- **Supplied data**
★ ★ ★ ★ ★

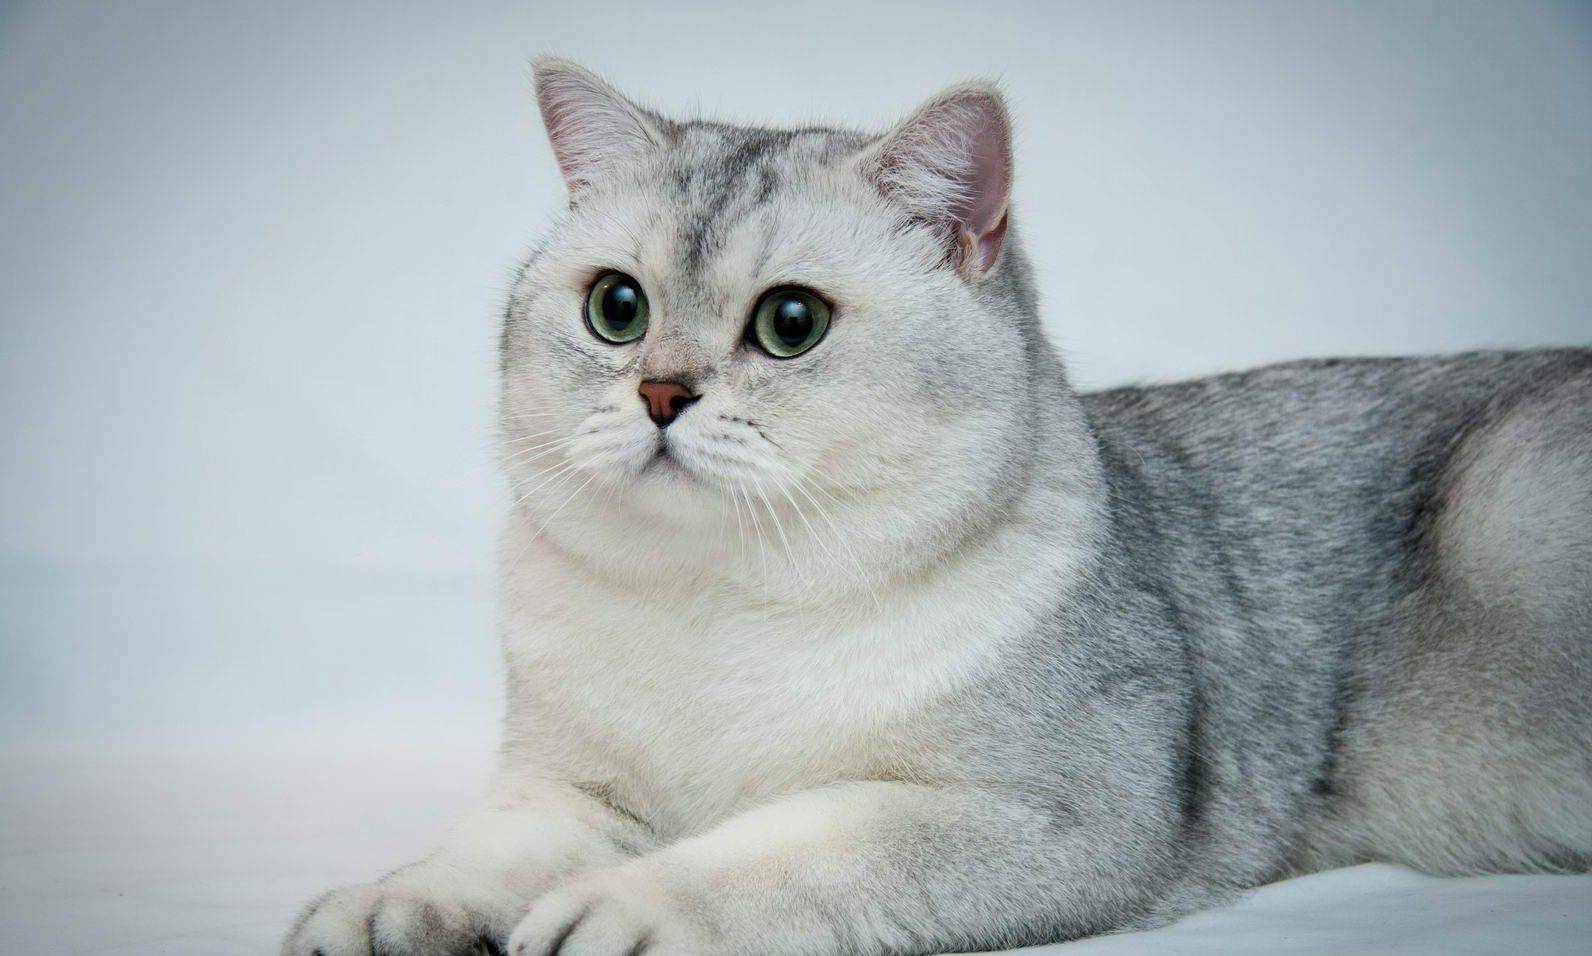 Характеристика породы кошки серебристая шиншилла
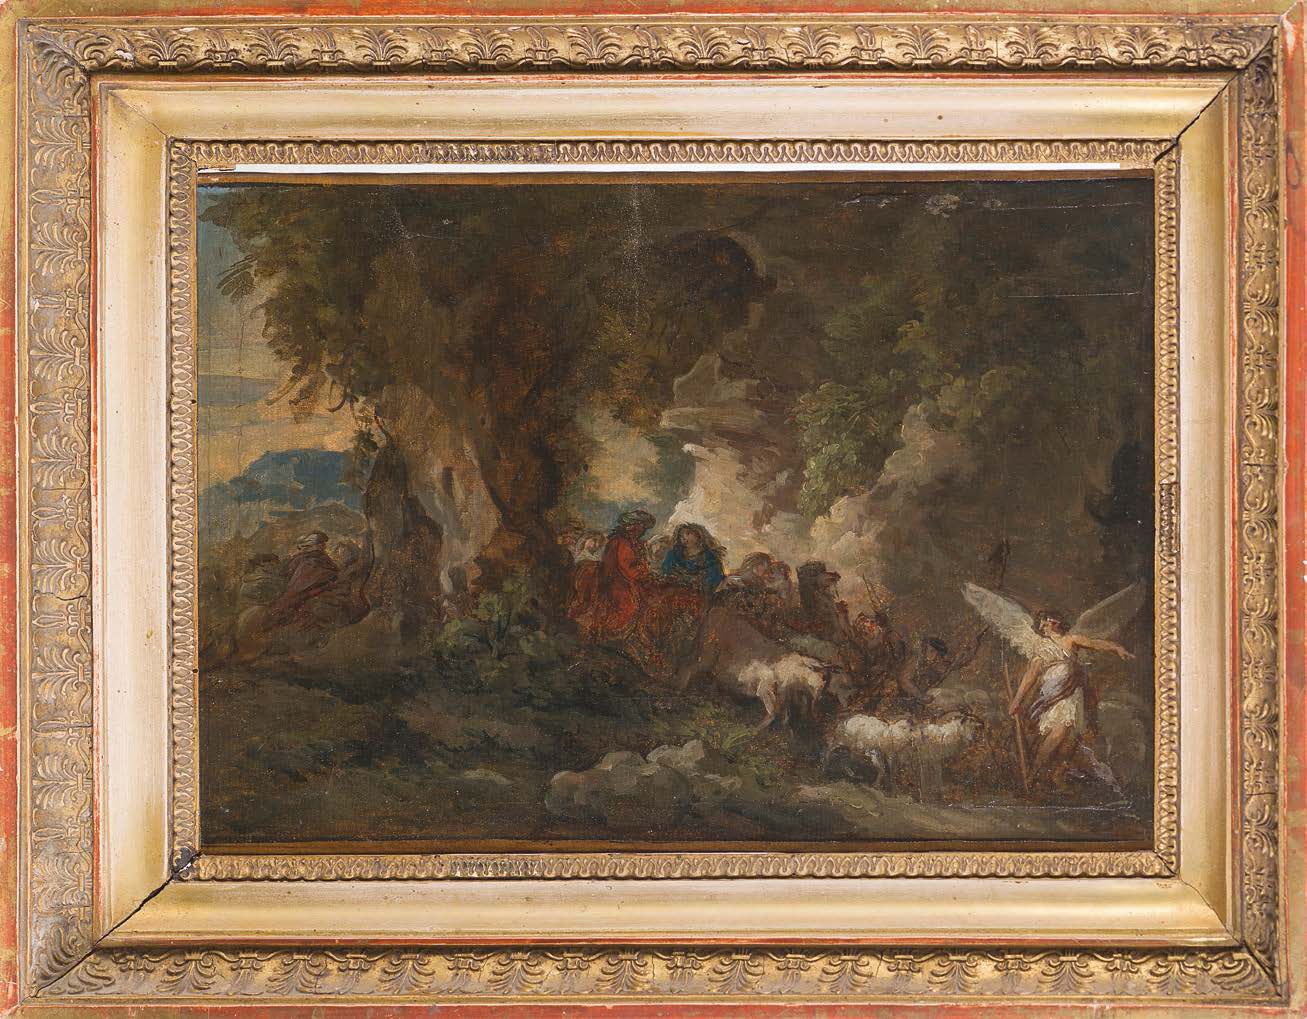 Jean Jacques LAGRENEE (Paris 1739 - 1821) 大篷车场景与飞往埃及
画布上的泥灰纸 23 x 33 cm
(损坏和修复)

★ ★ ★ ★ ★

- **Brief**
Exclude the pictures from the copy. Retype exactly the lines running from the one containing "Jean Jacques LAGRENEE" through the last line of the listing.

- **Response area**
 Jean Jacques LAGRENEE (Paris 1739 - 1821) 大篷车场景与飞往埃及
画布上的泥灰纸 23 x 33 cm
(损坏和修复)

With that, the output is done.